→ **ASSIGNED TASK**: Restate the data exactly as given and keep the pictures out.

→ **INFORMATION SHOWN**:
..........
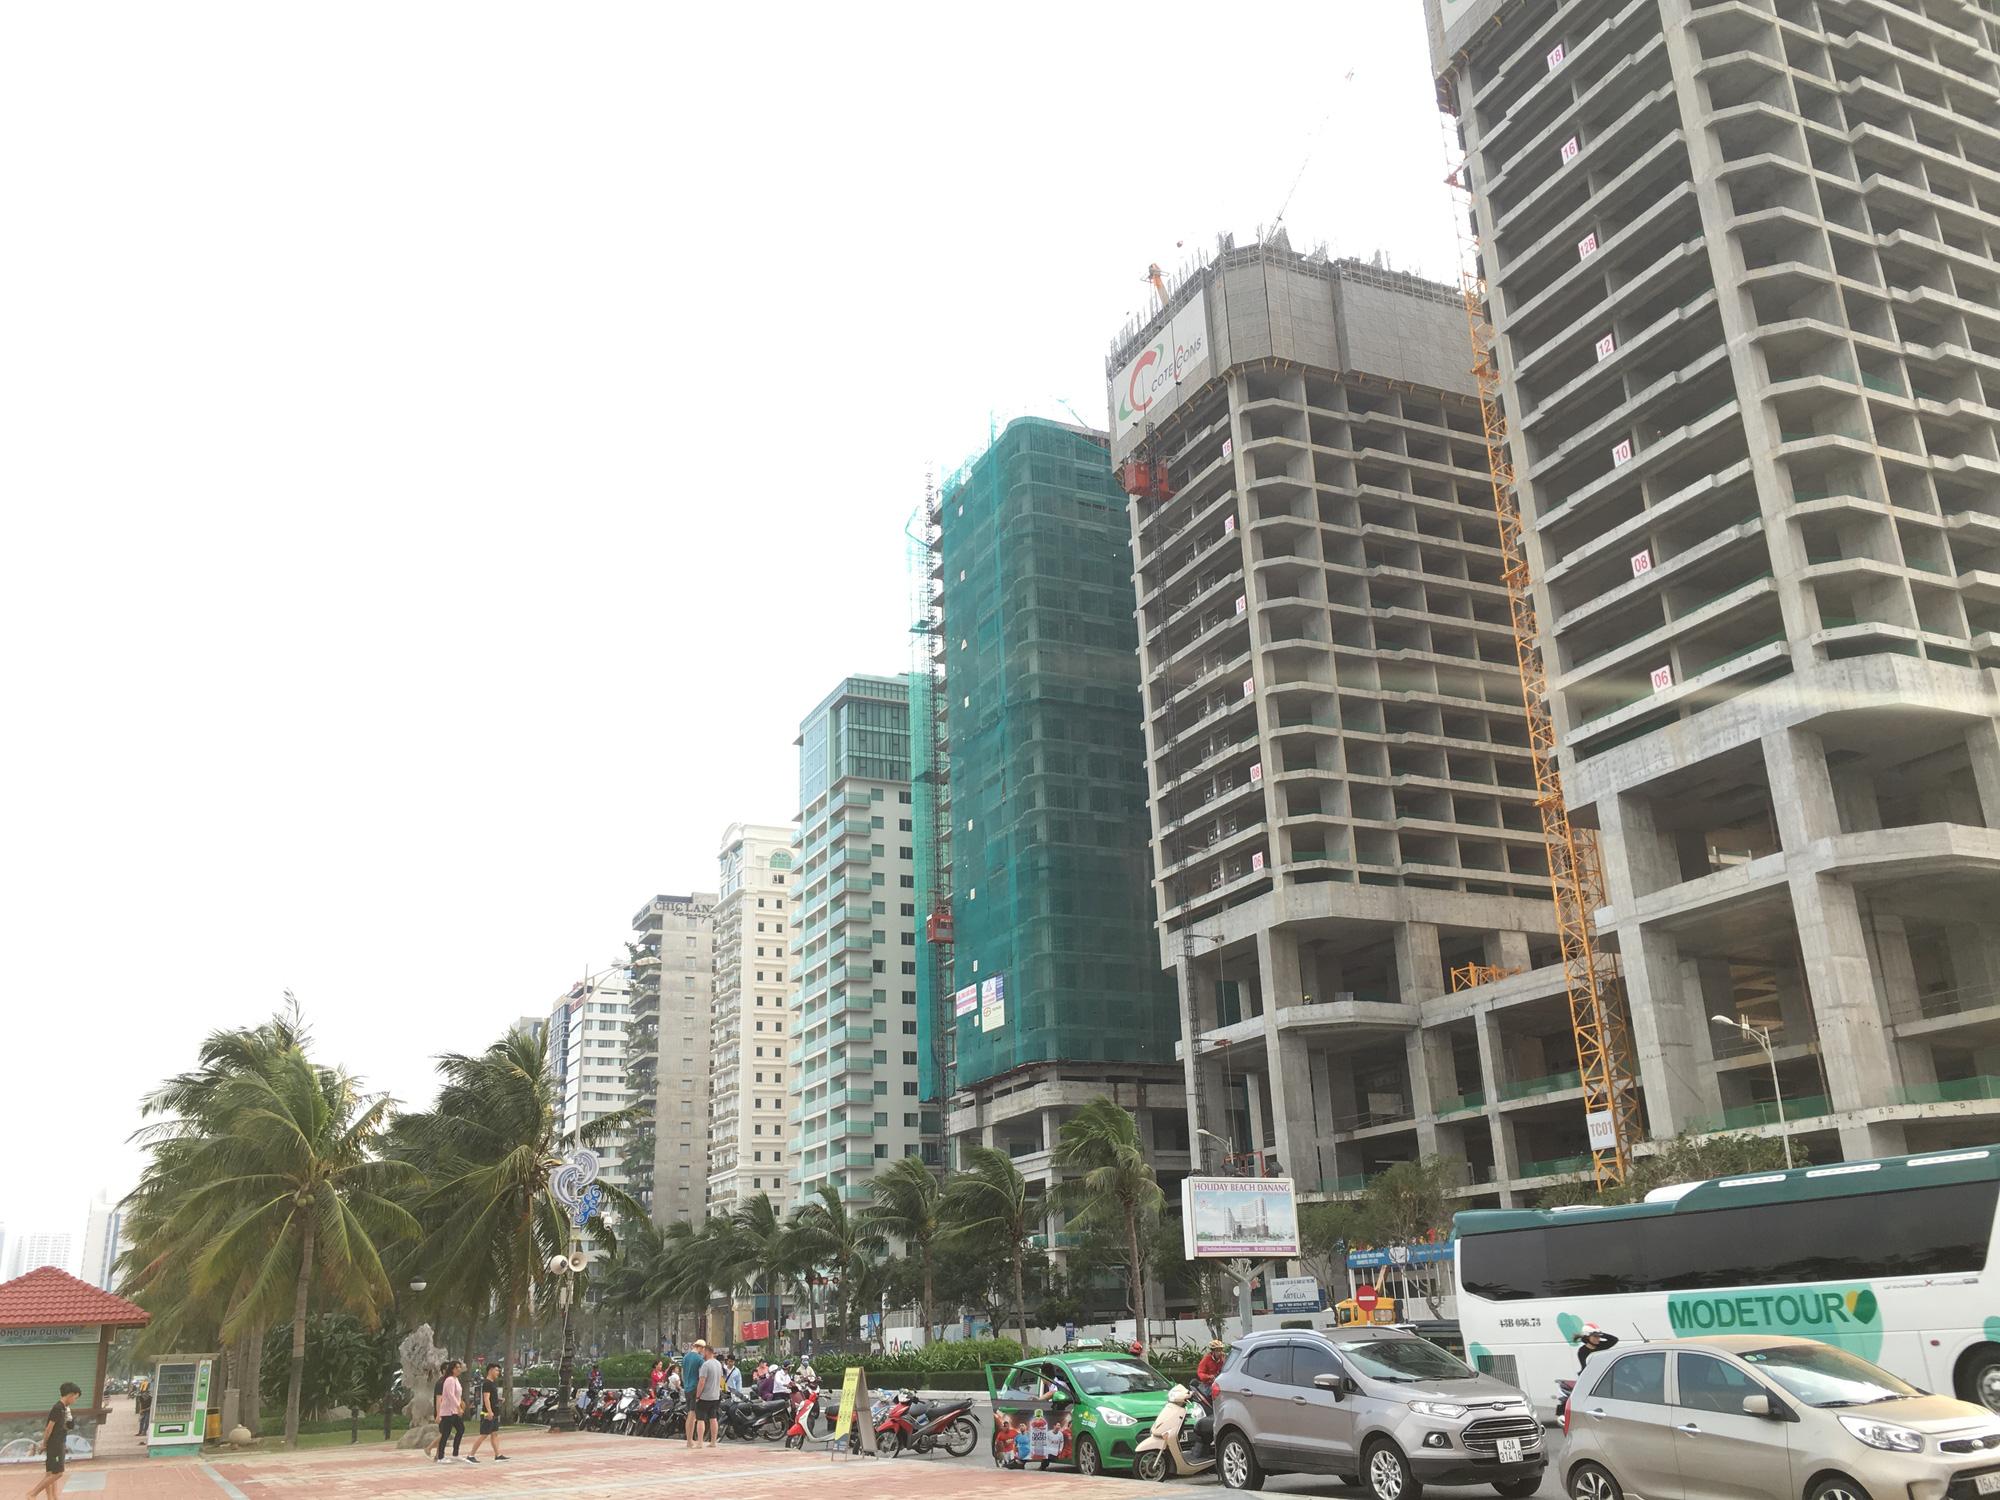 Đà Nẵng ngăn ngừa lách luật xây dựng nhà siêu mỏng - Ảnh 1.
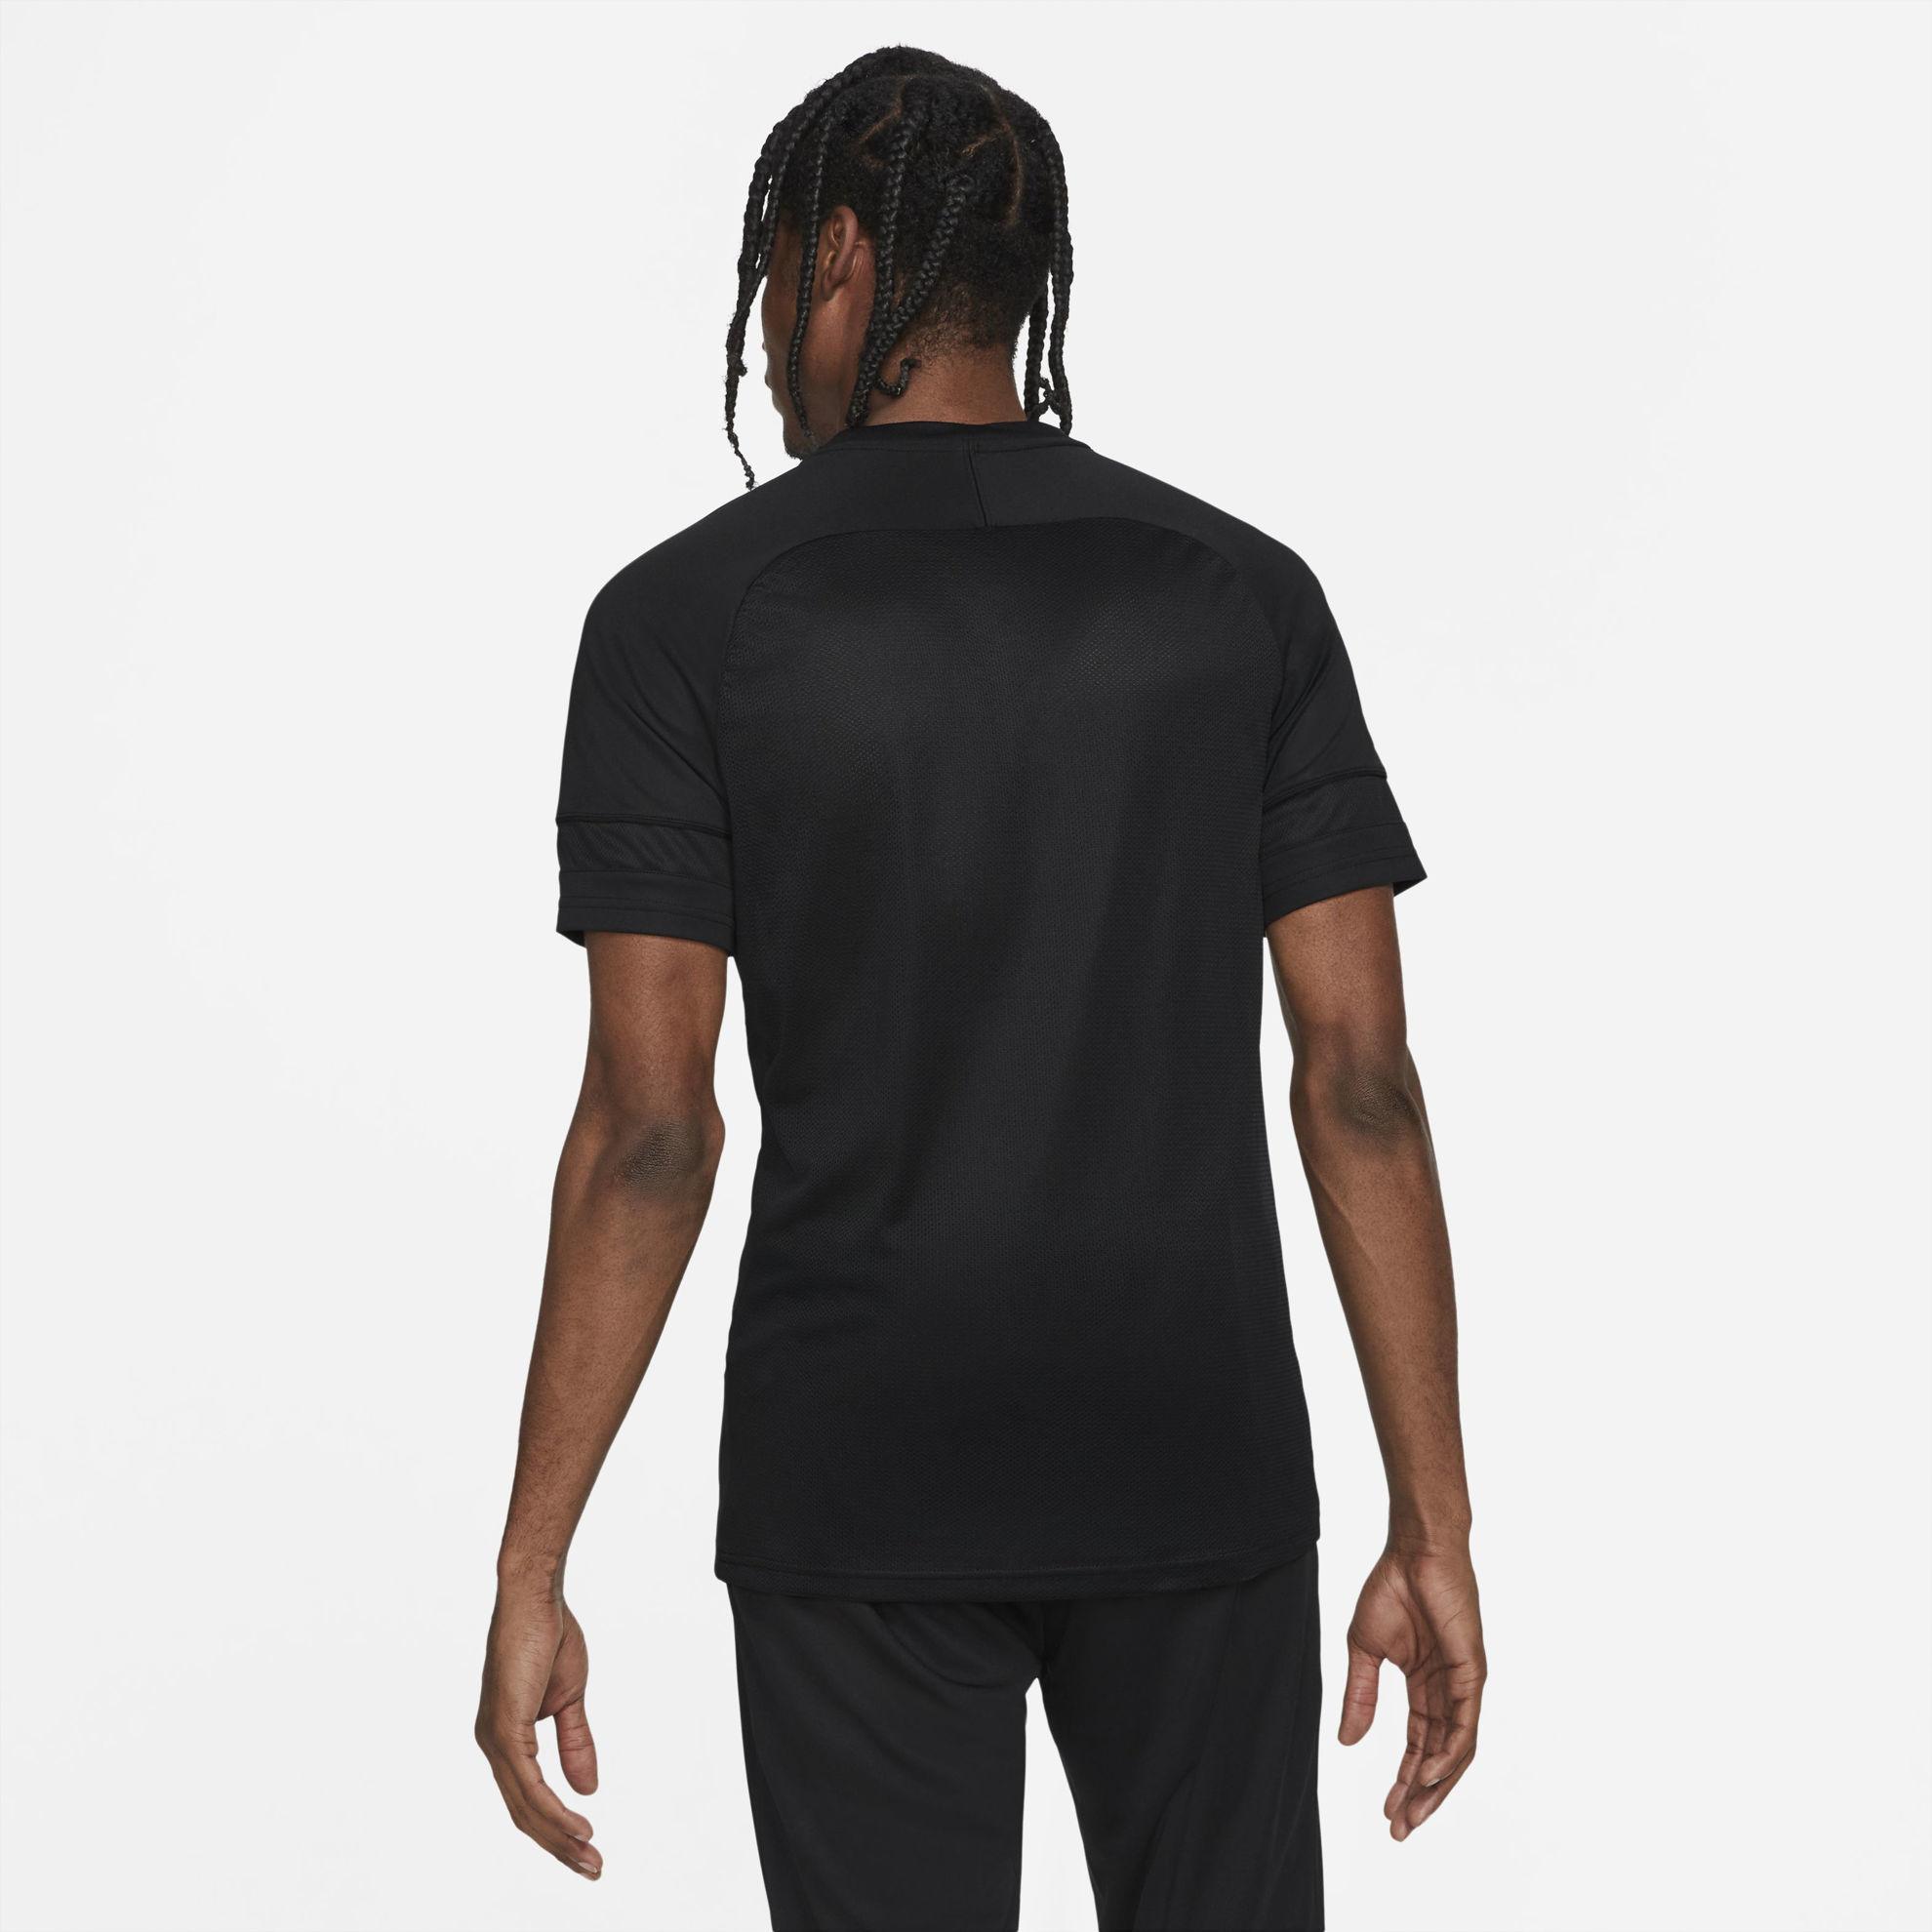 Bilde av Nike mens acd21 top ss CW6101-011
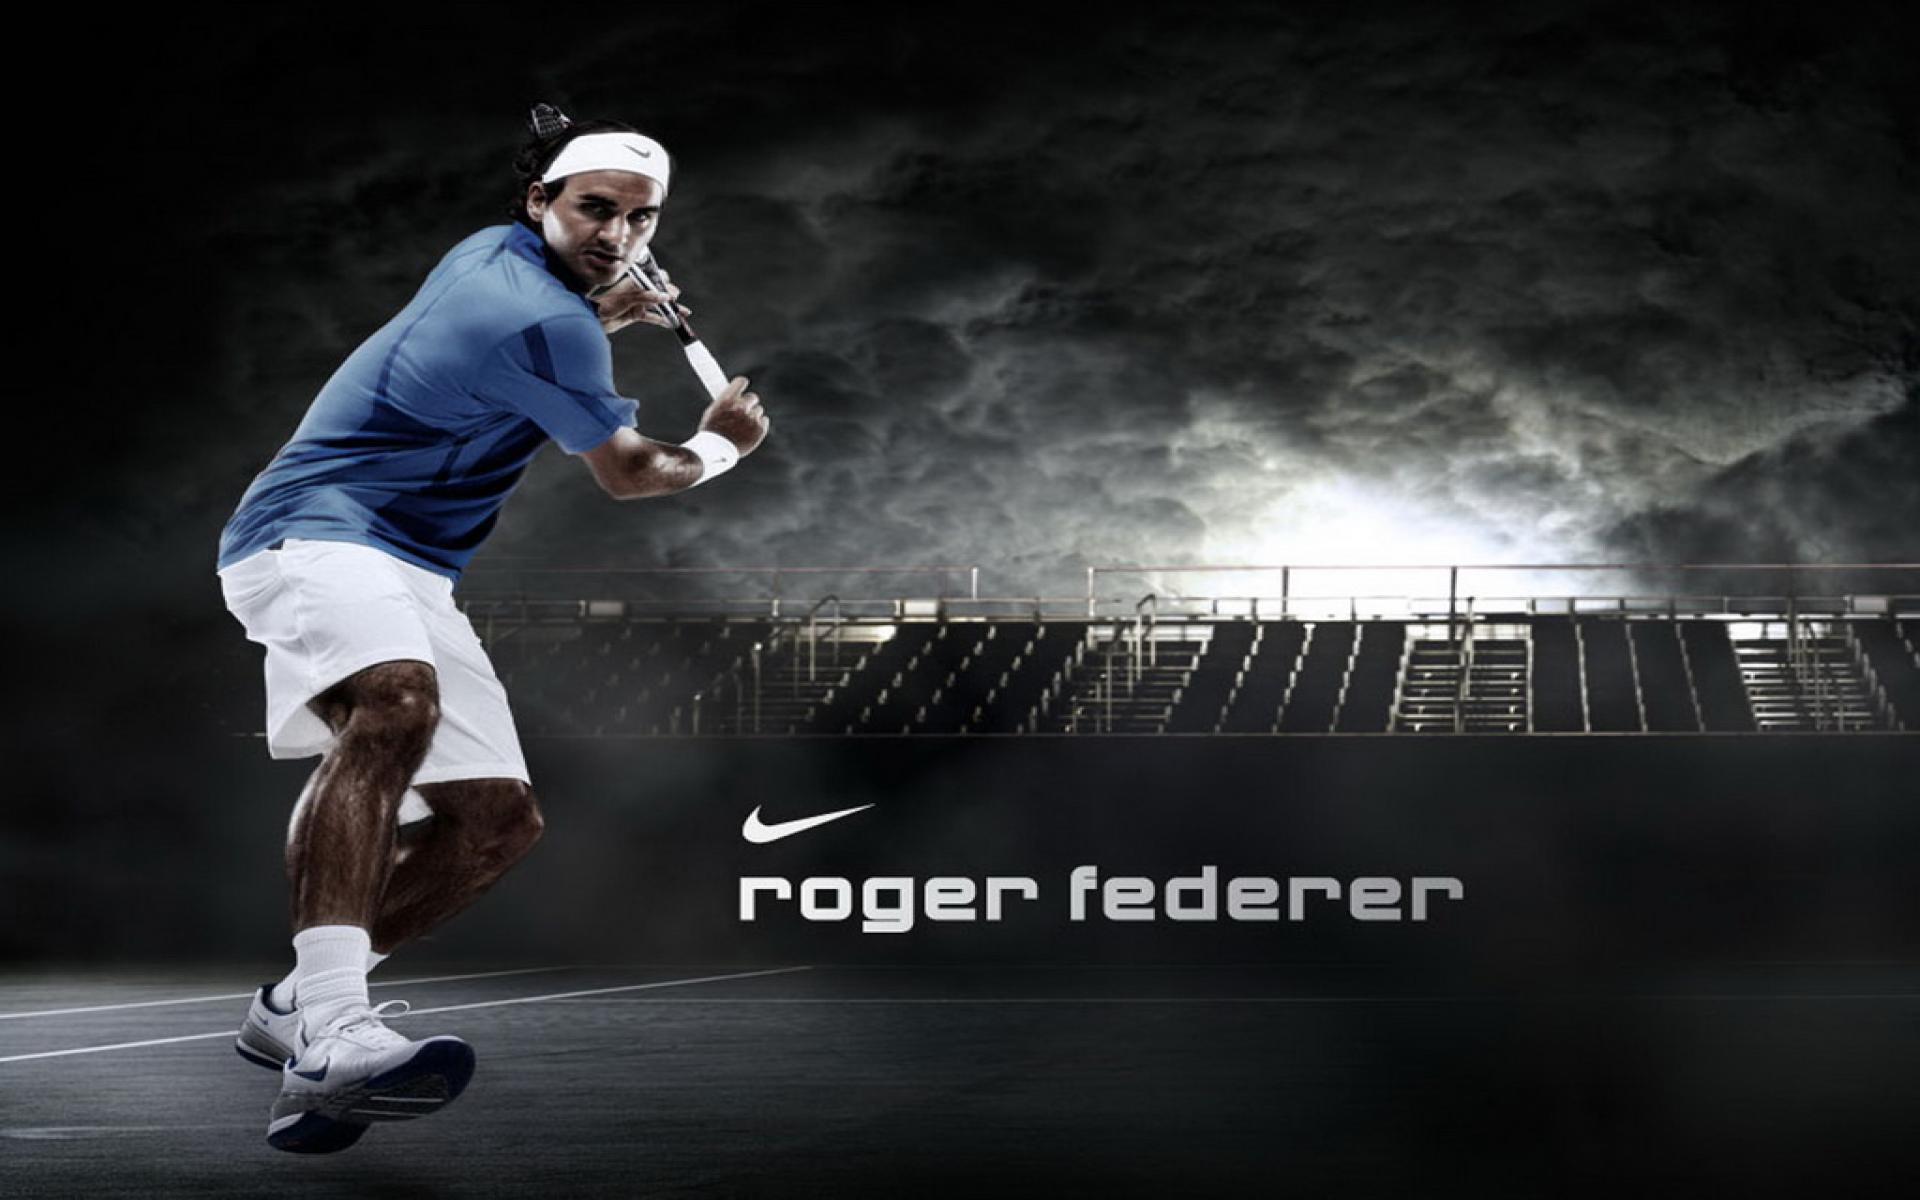 52 Roger Federer Wallpapers On Wallpapersafari
..........
→ **ANSWER BOX**:
 Đà Nẵng ngăn ngừa lách luật xây dựng nhà siêu mỏng - Ảnh 1.
 Bilde av Nike mens acd21 top ss CW6101-011
 52 Roger Federer Wallpapers On Wallpapersafari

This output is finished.